Thursday 6 June 2019, 2.00PM

**Speaker(s):** Augusto Macchiavelli, Lawrence Berkeley National Laboratory, USA

**Abstract**

The effect of weak binding on nuclear structure, decay, and reactions is an open question in nuclear physics. On the neutron-rich side of stability, as the neutron separation energy approaches zero, weakly bound neutrons in the single-particle levels at the Fermi surface approach the edge of the nuclear potential and may move outside the core of well-bound nucleons, and possibly couple to unbound continuum states. The nature of this transition from a “closed” to an “open” quantum system [1], where binding is dominated by correlations rather than the mean field, has only just begun to be explored, and our understanding of weak-binding effects and coupling to the continuum is, in many ways, nascent.

The first spectroscopic study of the near drip-line Nucleus 40Mg, revealed two γ-ray transitions that suggest an excitation spectrum with unexpected properties as compared to both the systematics along the lighter Mg isotopes and available state-of-the-art theoretical model predictions. We will discuss a possible explanation for the observed structure in terms of weak-binding effects.

In 1956 Kerman published a seminal paper on rotational perturbations in nuclei [3]. In the second part of the talk, we consider Kerman’s problem when one of the single-particle levels involved is a resonant state. We will present some preliminary results showing the behavior of the moment of inertia and the decoupling parameter as a function of the state width.

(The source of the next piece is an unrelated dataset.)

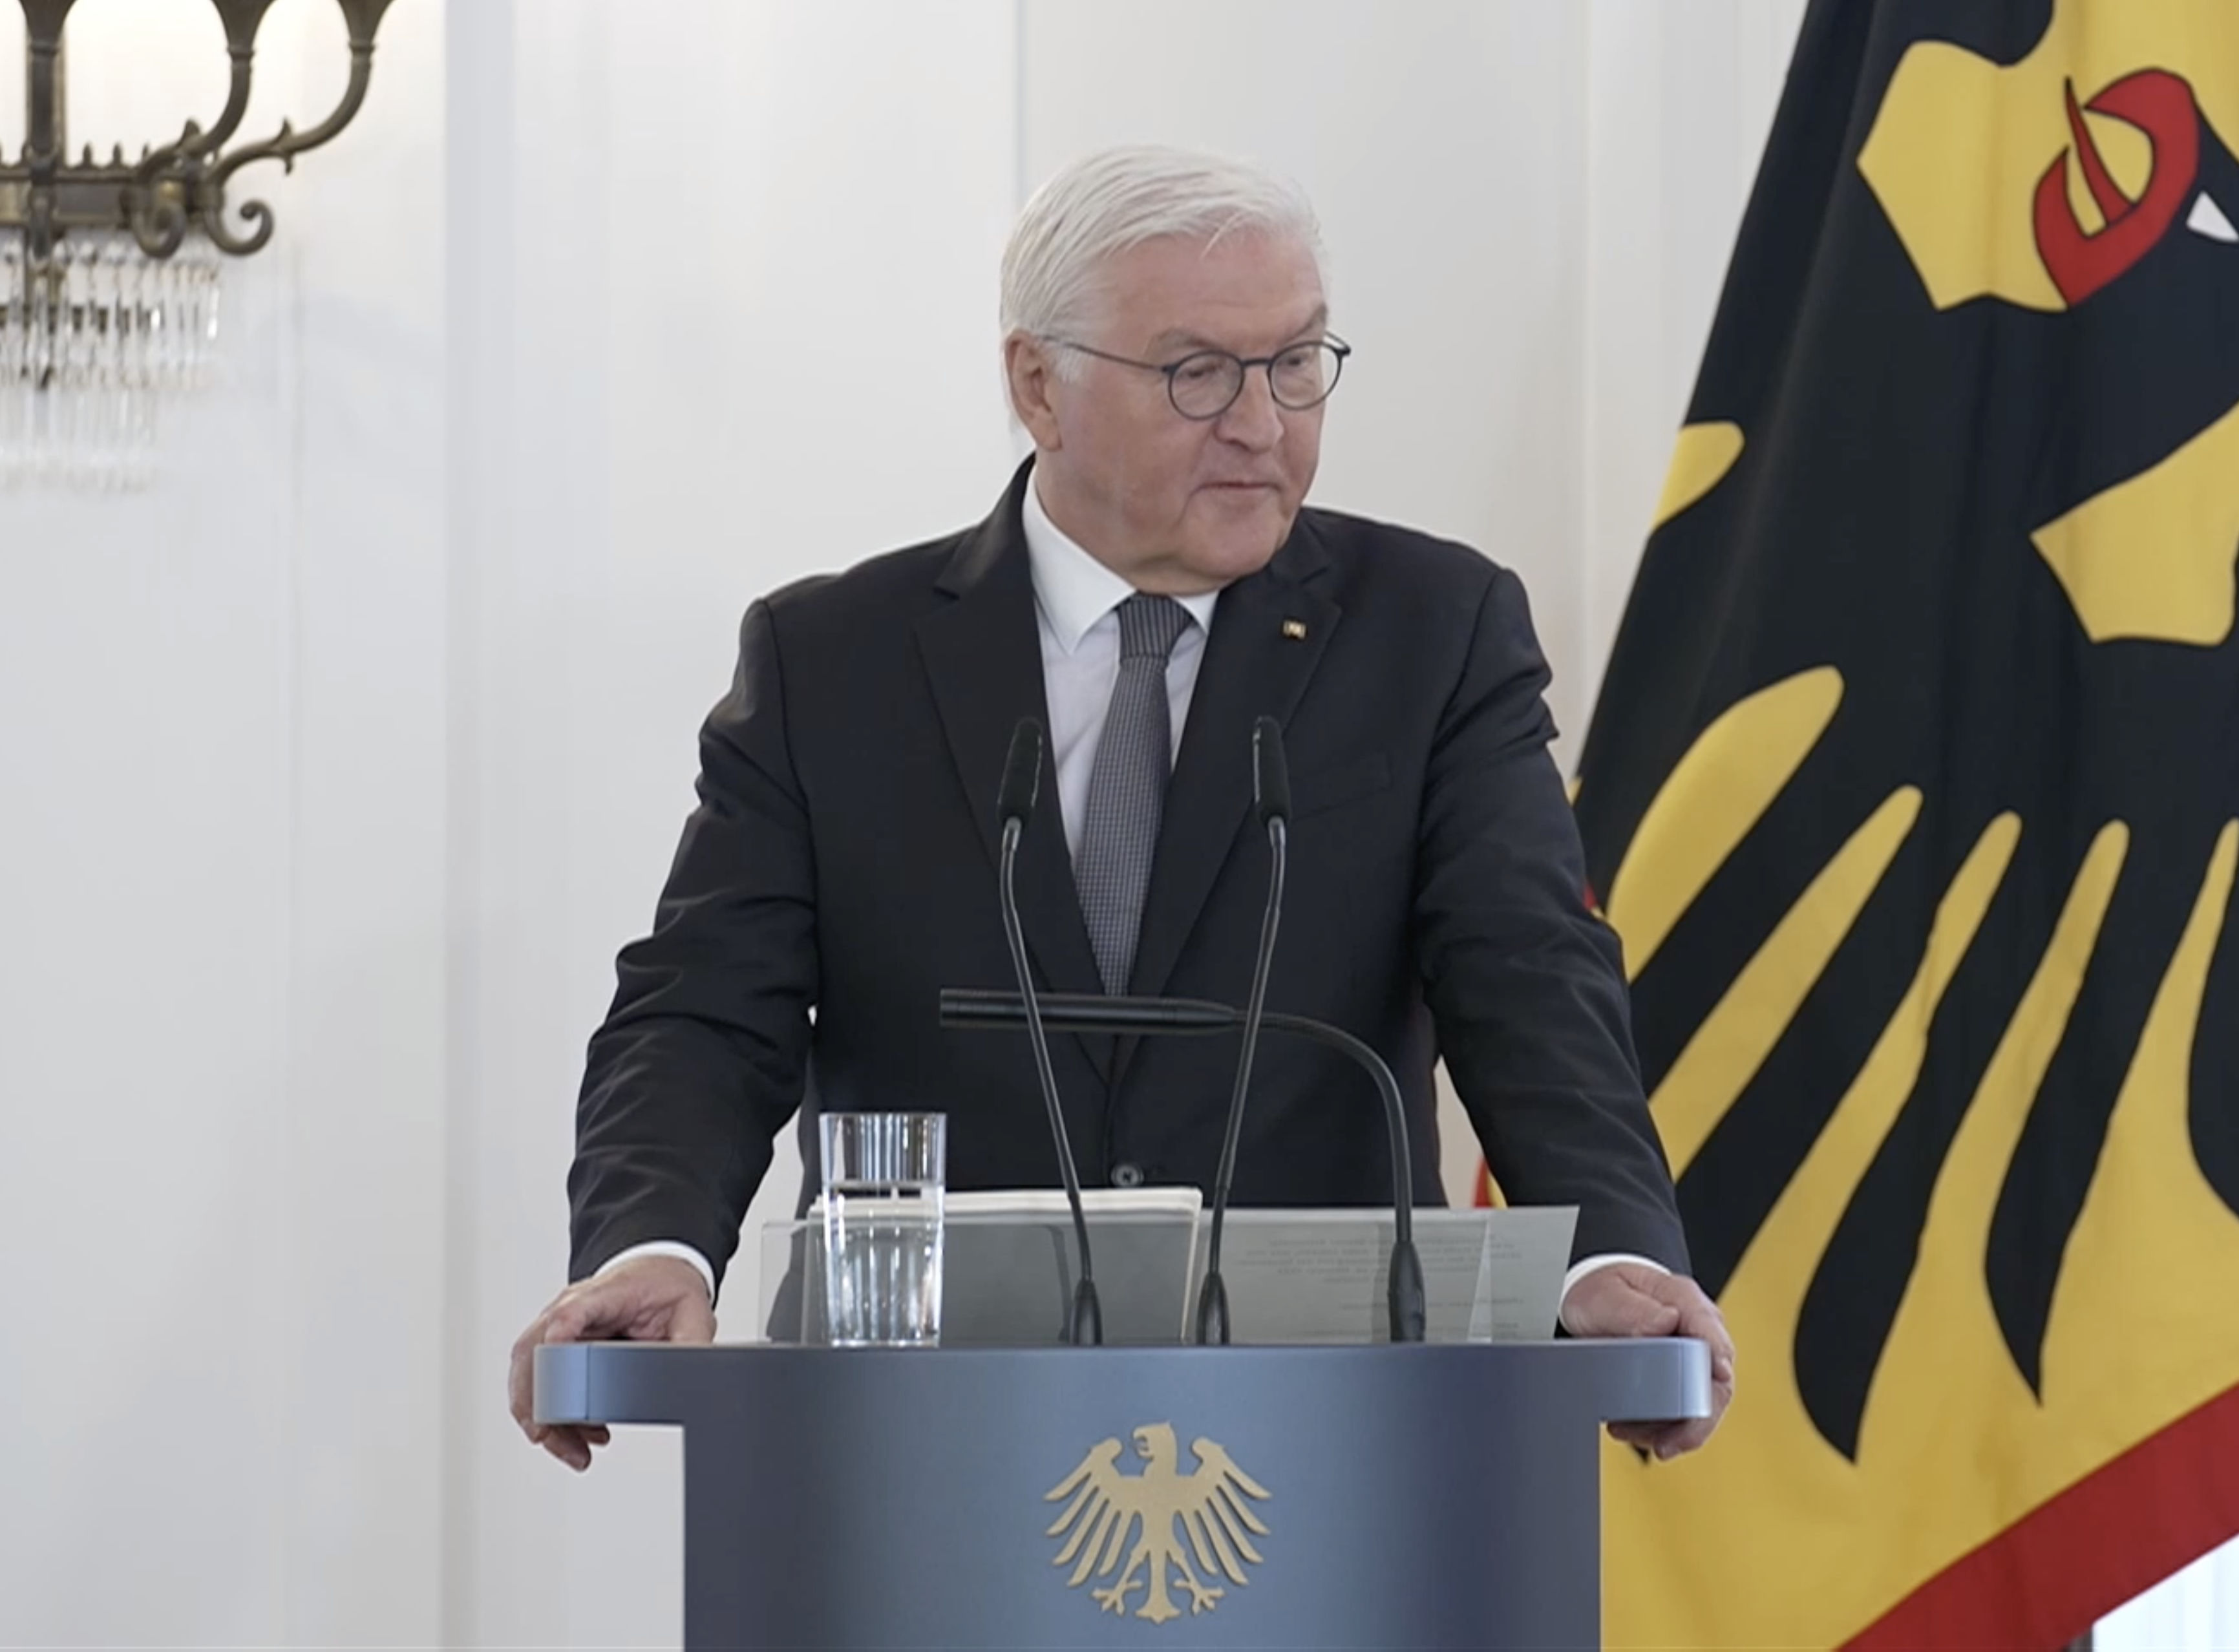 Frank Walter Steinmeier bei seiner Rede am 28. Oktober 2022. Quelle: www.Bundespraesident.

[1] J. Dobaczewski, et al. Prog. Part. Nucl. Phys. 59, 432 (2007).

[2] H. L. Crawford, et al. Phys, Rev. Lett. 122, 052501 (2019).

[3] A. Kerman, Mat. Fys. Medd. Dan. Vid. Selsk., no. 15 (1956).

*This material is based upon work supported by the U.S. DOE, Office of Science, Office of Nuclear Physics, under Contract No. DEAC0205CH11231.

**Location:** P/L/002